Federal, state and local tax revenue fund a range of public goods and services, including education, healthcare, and infrastructure. Policies that reduce the amount of taxes owed by a taxpayer (e.g., credits, deductions, exemptions) are expected to decrease government revenue while incentivizing immediate private spending and investment. In contrast to tax deductions and exemptions, which reduce the assessed tax liability, tax credits are directly subtracted from the amount of taxes owed. In many cases, tax credits are targeted to low- and middle-income individuals and households. They can also be used to incentivize taxpayers to invest in high-need projects, government programs, or philanthropic services. Eligible Missouri taxpayers may access tax credits related to property (e.g., Missouri Property Tax Credit), individual income (e.g., Federal Earned Income Tax Credit) and/or corporate income (e.g. Missouri Meat Processing Facility Investment Tax Credit). Several proposed bills during the 2021 session would increase the availability of tax credits in each of these areas, although the estimated impact of each credit will vary based on affected population, whether the credit impacts state or local tax revenue, and the maximum value of tax credits that can be awarded.

Highlights

  • Many tax credits are designed to target tax relief to specific individuals, such as seniors or low-income taxpayers with dependents. Circuit breaker tax credits and refundable tax credits preferentially aid low-income individuals.
  • Tax credits can also be used to incentivize individuals or businesses to invest in high-need projects or philanthropic causes.
  • A significant portion of state-generated revenue depends on income tax collection.
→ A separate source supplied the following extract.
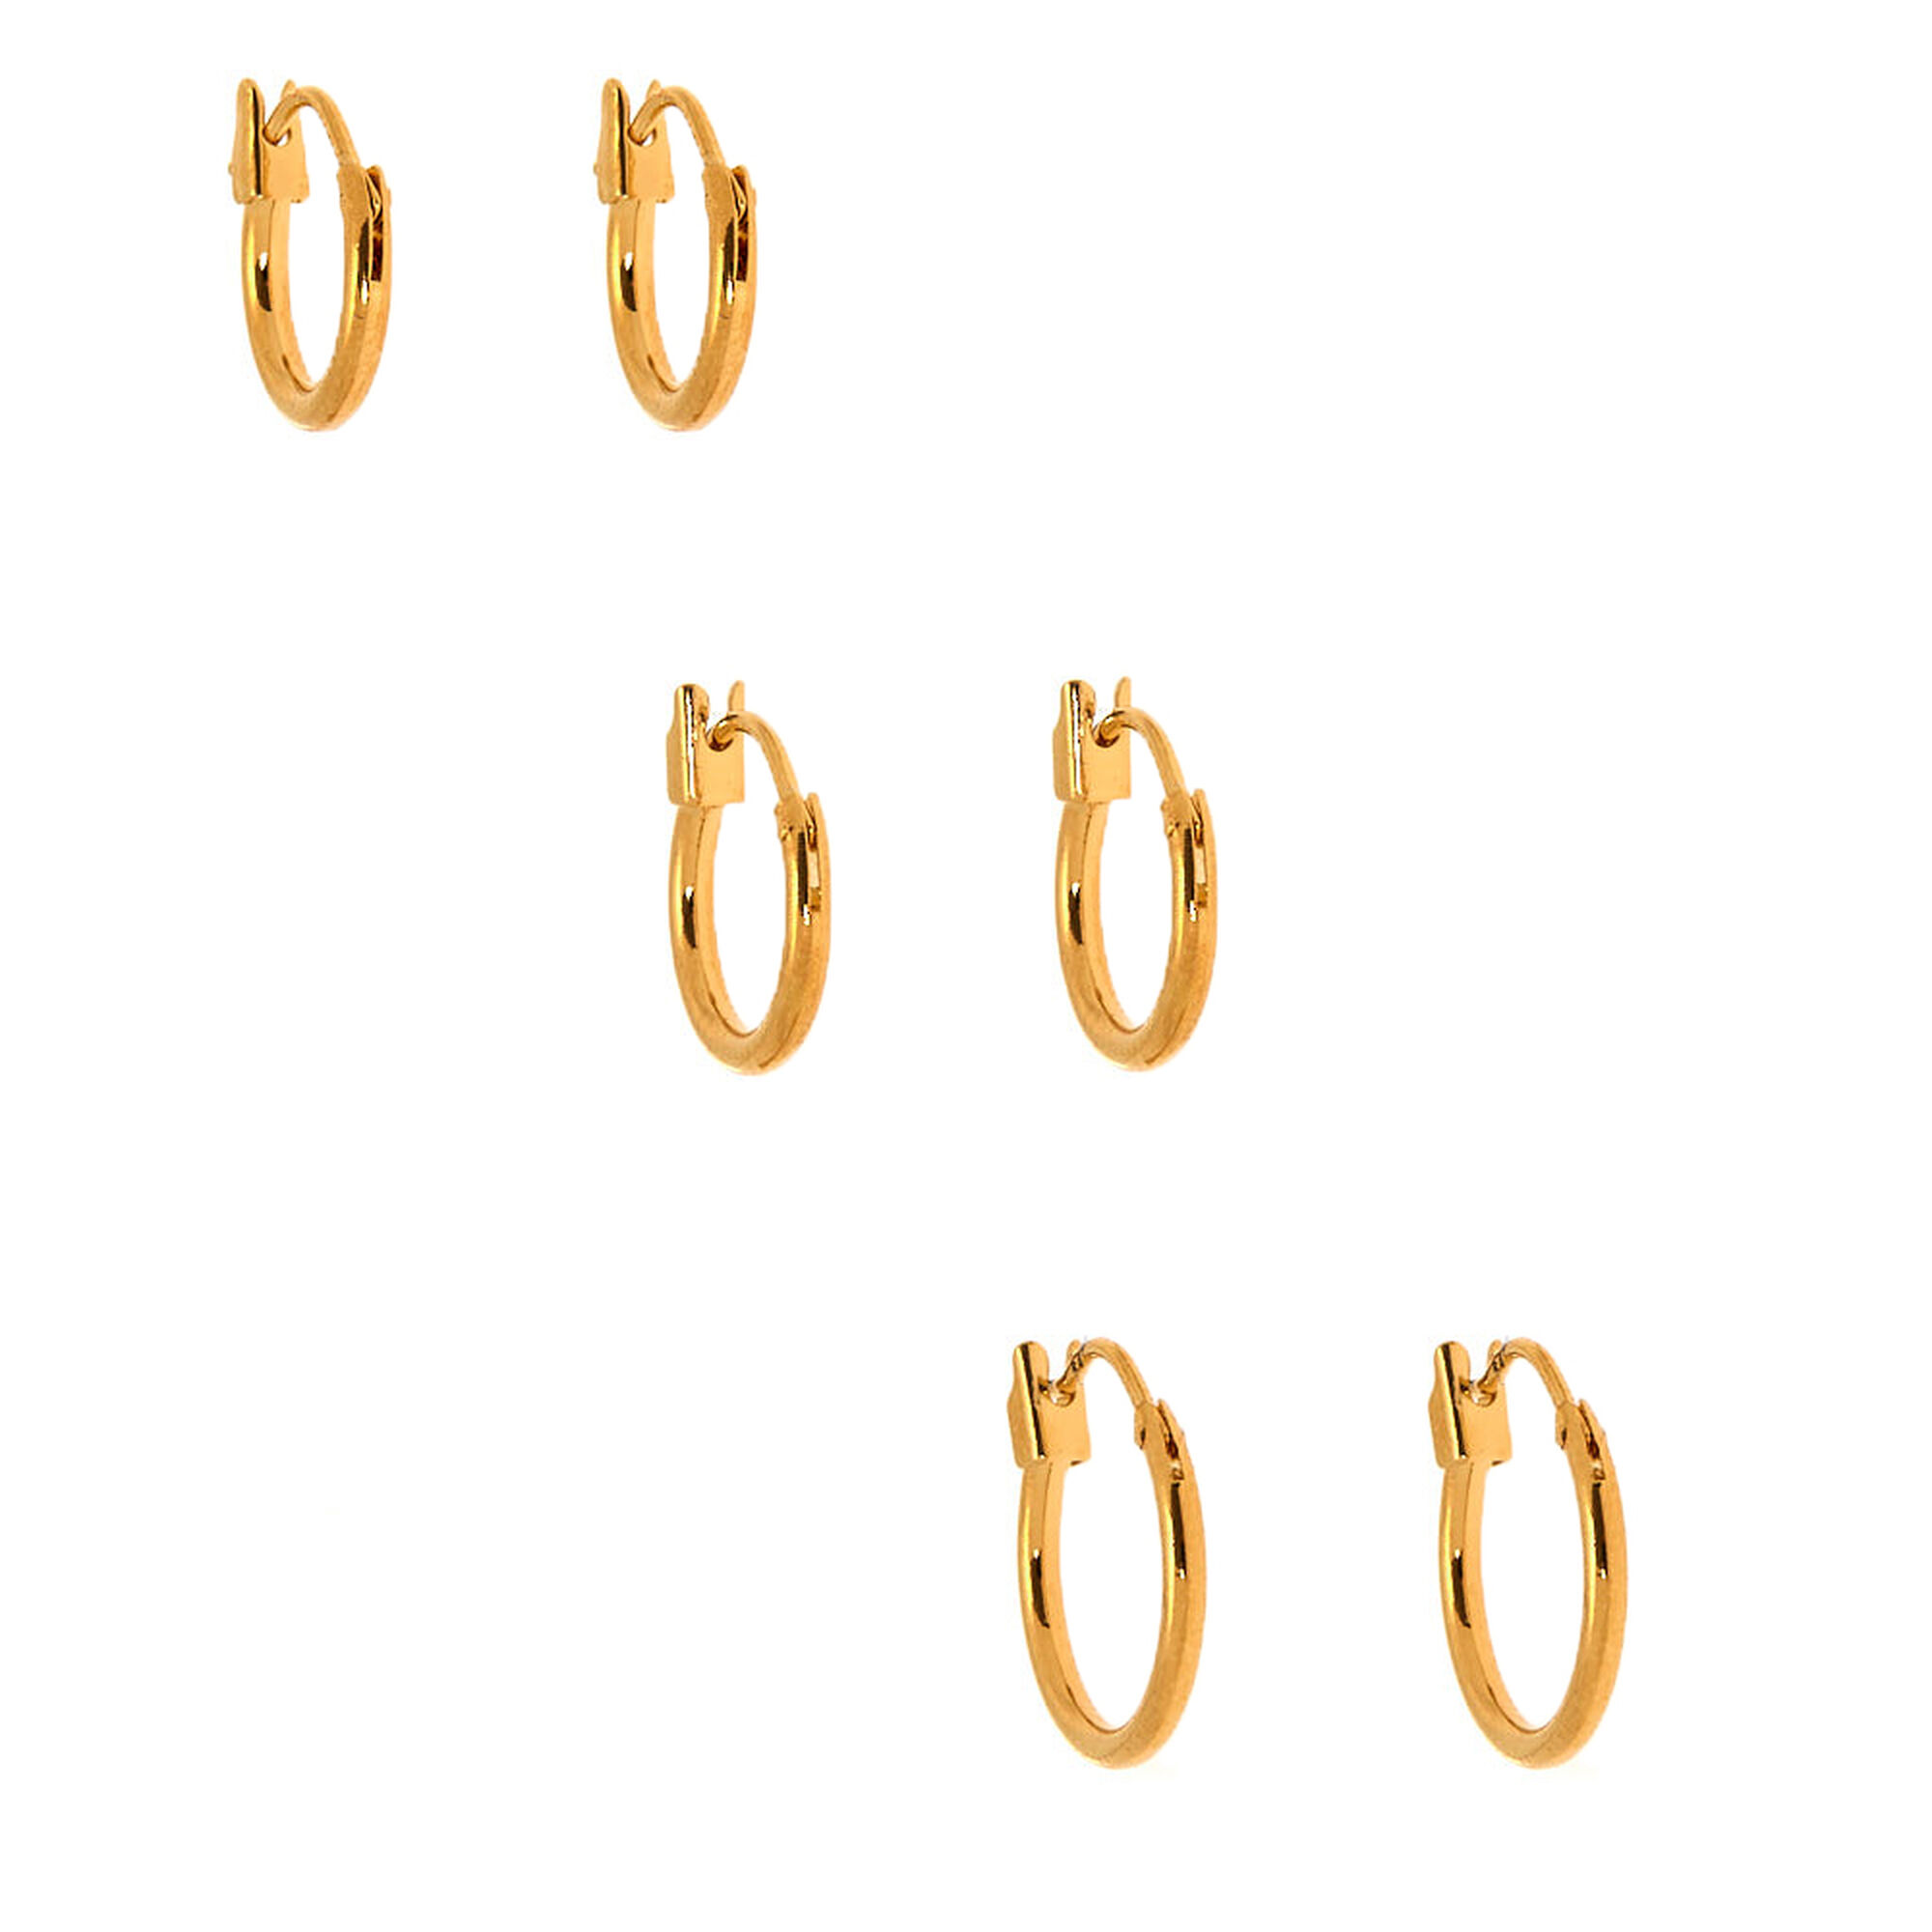 View Claires 18Ct Plated Hinged Hoop Earrings 3 Pack Gold information
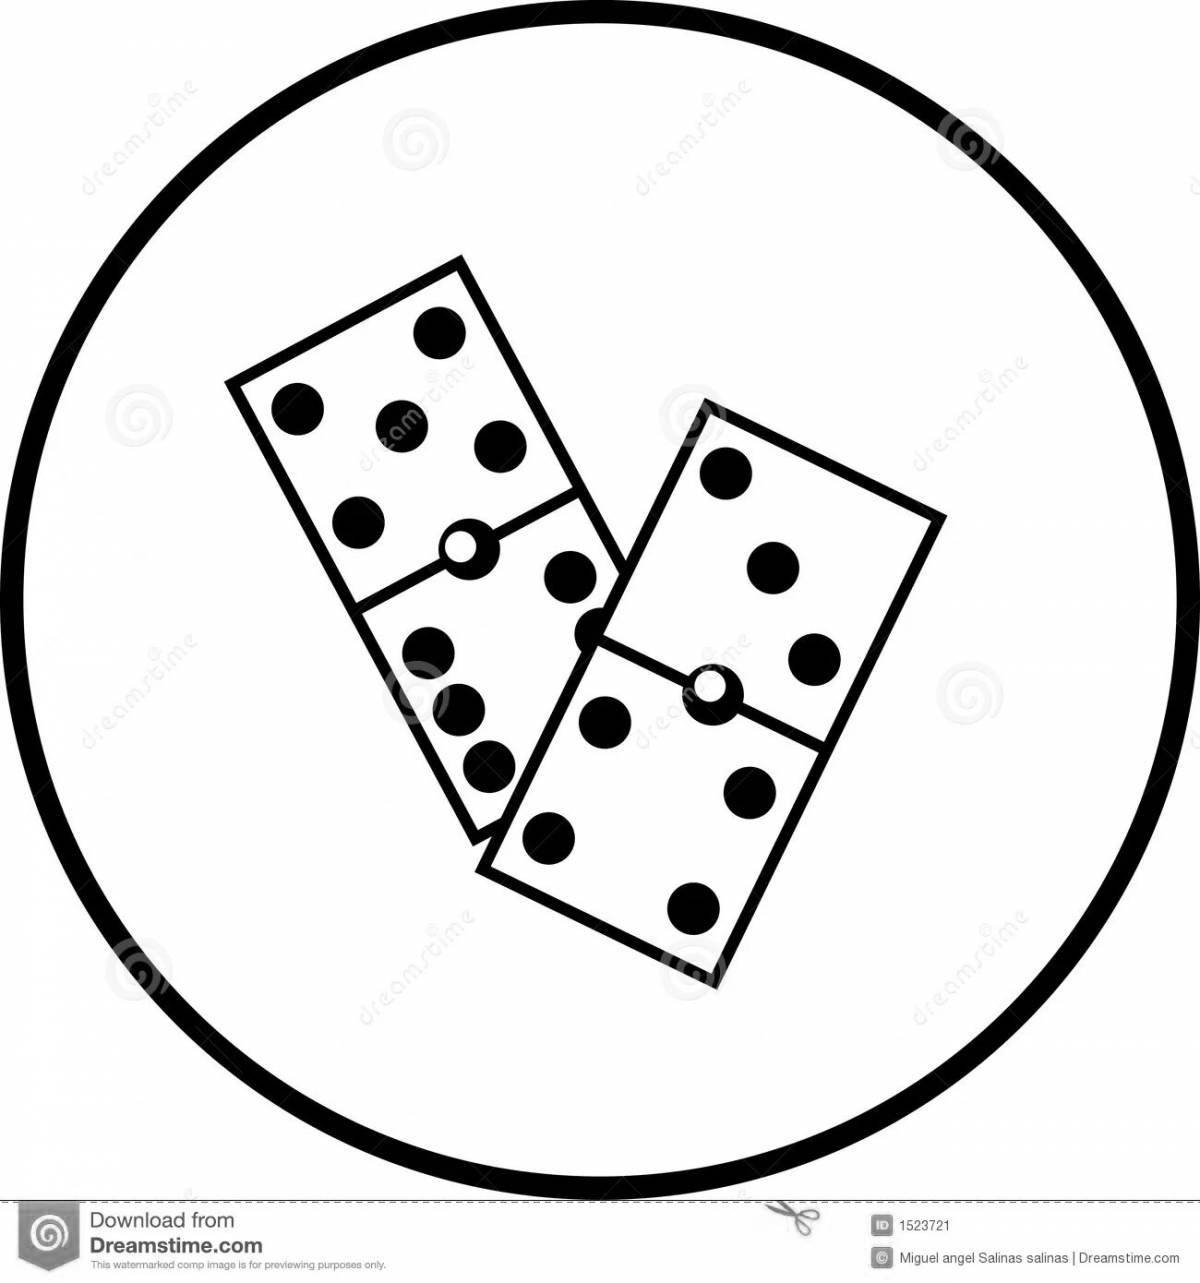 Funny domino coloring pages for kids

Local governments, however, rely more heavily on property taxes.
  • Residential and commercial property tax credits offset costs for homeowners, renters and businesses, but decrease the available funding for public services that depend heavily on locally-generated revenue (e.g., education, public safety).
  • Income tax credits are typically used to incentivize economic development and charitable donations by reducing the income tax liability of eligible individuals and businesses and the funds available for federal/state budgets.

Limitations

  • There is continued debate over the extent to which tax incentives such as tax credits stimulate the economy. The relative costs and benefits are also influenced by the time frame considered (e.g., short-term spending increases vs. long-term revenue reduction).
  • Because estimates rely on averages (e.g., average income, average property value) and often lack specificity about the regional distribution of qualified individuals, it is difficult to estimate the extent to which specific tax credits will impact state/local revenue.